# campsites peniche portugal



## stormin (May 10, 2005)

Is anyone out there able to comment on camp sites in peniche or local area(10k).Alan Rogers and Rough Guide list the following:
Camping Peniche Praia, 
Camara Municipal Peniche,
but unfortunately no reviews and limited info.
Regards


----------



## 88837 (May 9, 2005)

*Campismo Municipal Peniche*

Hi Stormin,
We stayed at the site in March 2003. It cost about 4 euros per night without electricity. Off season the site was very clean and the staff were very helpful - even helped me with sorting out my camping carnet that I had left in Lisbon (I had been given the wrong one by the helpful girl in Campismo Lisboa). I don't remember all the details of the site as we were on our way around the Spanish and Portuguese coast and visited many sites in 2 months.
There is a lot to do in the local area, political prison, harbour, fantastic rock formations and old towns to name but a few.
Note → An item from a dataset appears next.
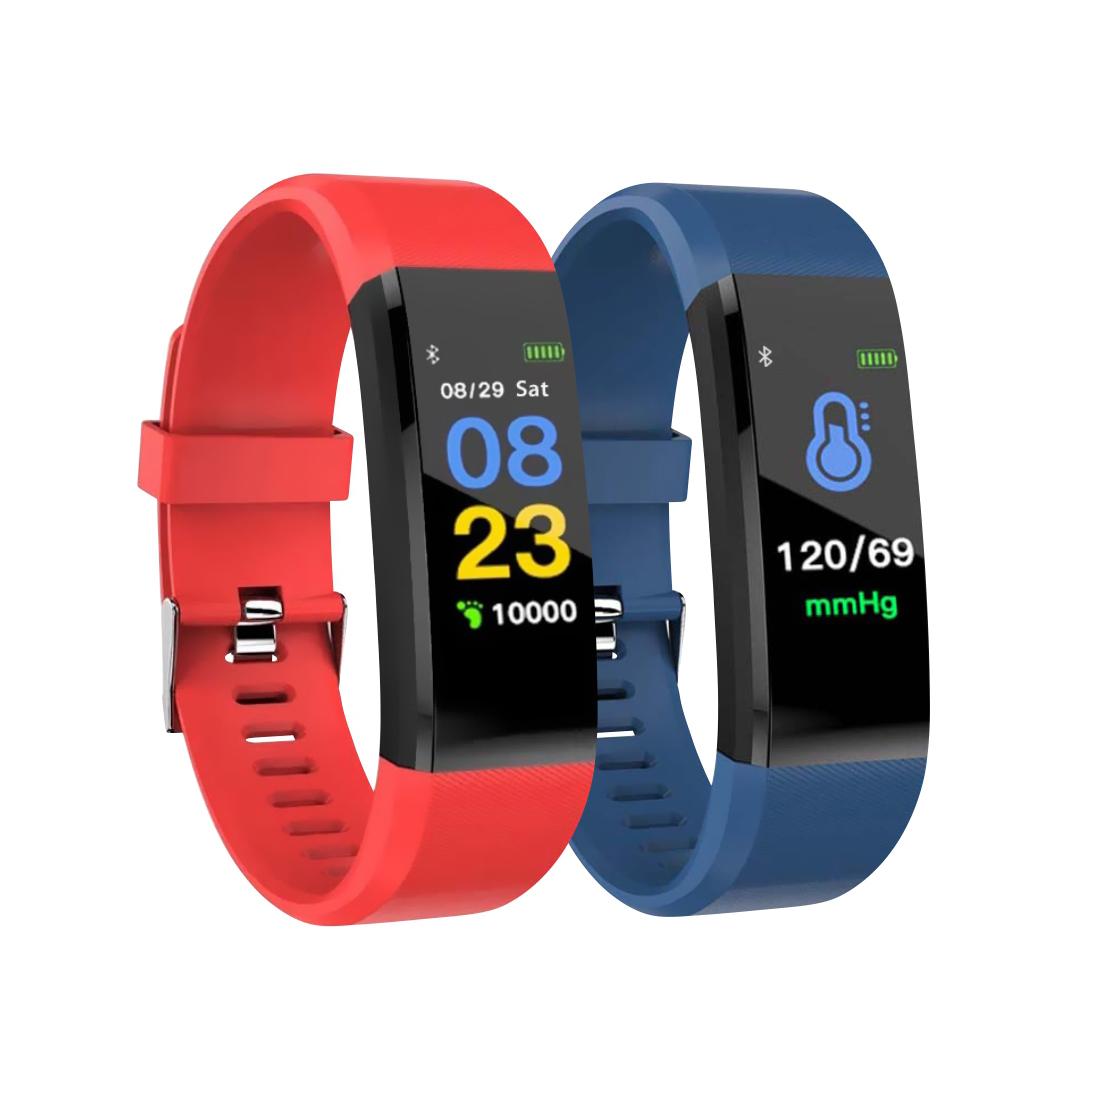 Pachet Promotional 2 Bratari fitness inteligente I15+ cu masurarea tensiunii arteriale si a ritmului cardiac, Rosie + Albastra imagine

Some parts of the town appeared very run down and I would not leave my van there, but we did not hear of any problems.
Whilst we were there a lot of road works were under way very close to the site. They in no way affected the site and it should be finished by now.
The town is well known for its fishing and fish restaurants. We had a fantastic local fish casserole with tomatoes and potatoes- give it a try if you like fish cooked in a traditional way we loved it.
We intend returning and will happily use the same site.
Rodger


----------



## stormin (May 10, 2005)

thanks baddow,reassuring to hear your views shall try emailing site for details and availability.Excuse my ignorance but what is a camping carnet?


----------



## 88837 (May 9, 2005)

*Camping Carnet*

Hi Stormin
A carnet is accepted by campsites in lieu of a passport- collected I believe in case a camper decides to drive off without paying. On departure day you settle up your fees, collect your carnet and travel on. Most of my experience in this country is by paying in advance so there is no need for wardens to hold any of your documents.
All of the major clubs issue carnets often free if booking insurance or ferries with them. If you are not a club member then it is possible to purchase a carnet from them.
There is also an insurance element within the carnet but I have never checked the details.
The website address is www.roteiro-campista.pt/Leira/munpen.htm
Whilst travelling through Portugal I found "Camping Portugal Guia De Parques De Campismo" an excellent guide. It was available from most campsites.
Rodger


----------



## stormin (May 10, 2005)

*campsites peniche*

hi baddow,
thanks for the info will contact the c.c re:carnet
regards stormin


----------